# Dogs living outside



## Patchworkpony (23 January 2015)

Just curious - how many of you keep (or sleep) a dog outside but let it into the house during the day. Lots of the farmers and shooting people do it round here and the dogs all seem very happy. Many sleep in farm buildings, stables or even kennels with runs. Is it unkind or am I too soft? It is certainly a better alternative to locking them up in a house all day and while the owners go to work!


----------



## jrp204 (23 January 2015)

Our working collie has a kennel and run outside, he doesn't come into the house at all. He is worked at least once a day and always has a walk in the evening regardless of the work he has done. He is incredibly well behaved and happy (as far as we can tell). We sometimes put the JRT who lives in the house in the pen with him if we are off for the day and she is fine.
In a run they can see what is going on outside, far better than being shut in a house IMO.


----------



## SadKen (23 January 2015)

I would much prefer for my two to be outside, but given I live in a somewhat dodgy neighbourhood, they would be stolen, along with everything else that isn't nailed down.  As such, they stay in! I do think if you have a farm they'd prefer to be out... If I lived on a farm I'd have loads of mutts though, a big pile of happy mutts that would all share an outbuilding!


----------



## Patchworkpony (23 January 2015)

jrp204 said:



			In a run they can see what is going on outside, far better than being shut in a house IMO.
		
Click to expand...

 That is a very good point.


----------



## Enfys (23 January 2015)

Mine were born outside and will die outside.

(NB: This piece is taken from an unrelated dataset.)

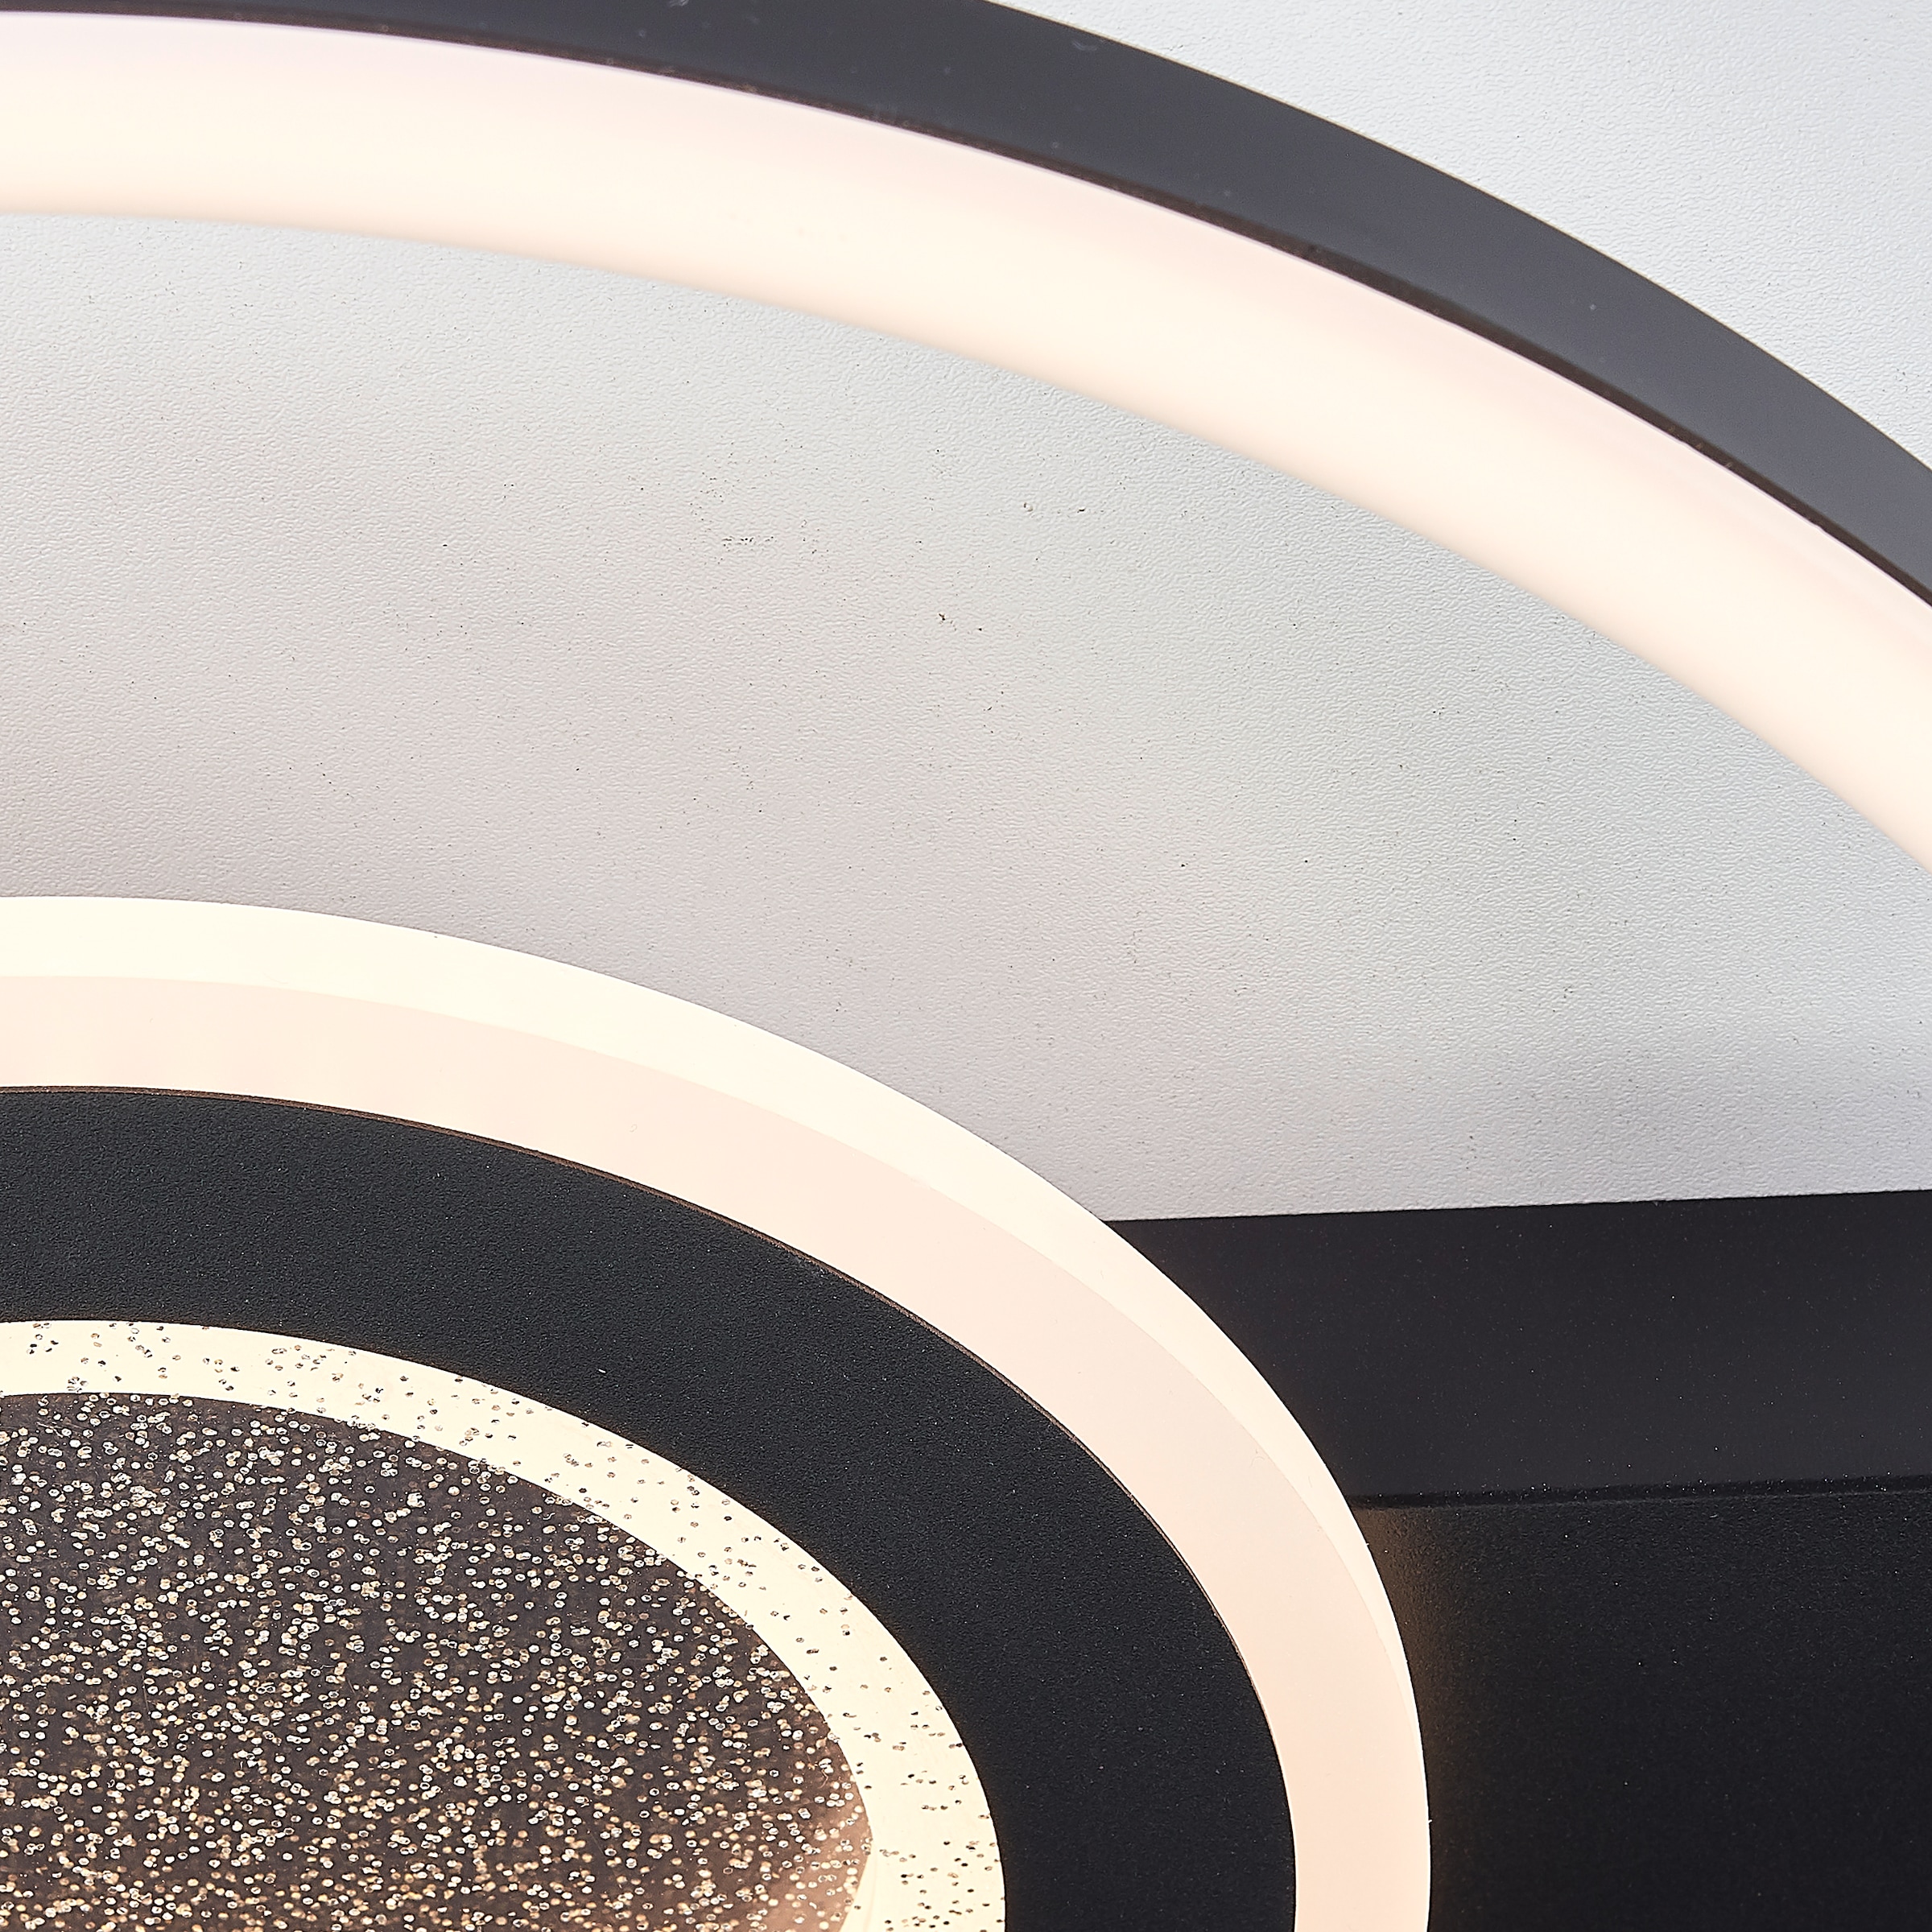 BreLight LED Deckenleuchte »Queens«, 37 x 37 cm, 2400 lm, 3000 K, Glitzereffekt, schwarz

They come in for 5 minutes because they think they want to and then they get too hot, too restless and are begging to go out again, they would eat their way out if I left them indoors, they are not house trained anyhow. 

Currently they are in temporary quarters with a very makeshift run at the far end of the yard as the ground is too hard to put in proper fencing at the moment, or do any cosmetic makeovers (oh the joys of moving house in Winter) come Spring they will move closer to us, their house won't be as large though  

They live in the ground floor of an old Forge, 3 sides of it are below the frostline, so it is surprisingly cosy. 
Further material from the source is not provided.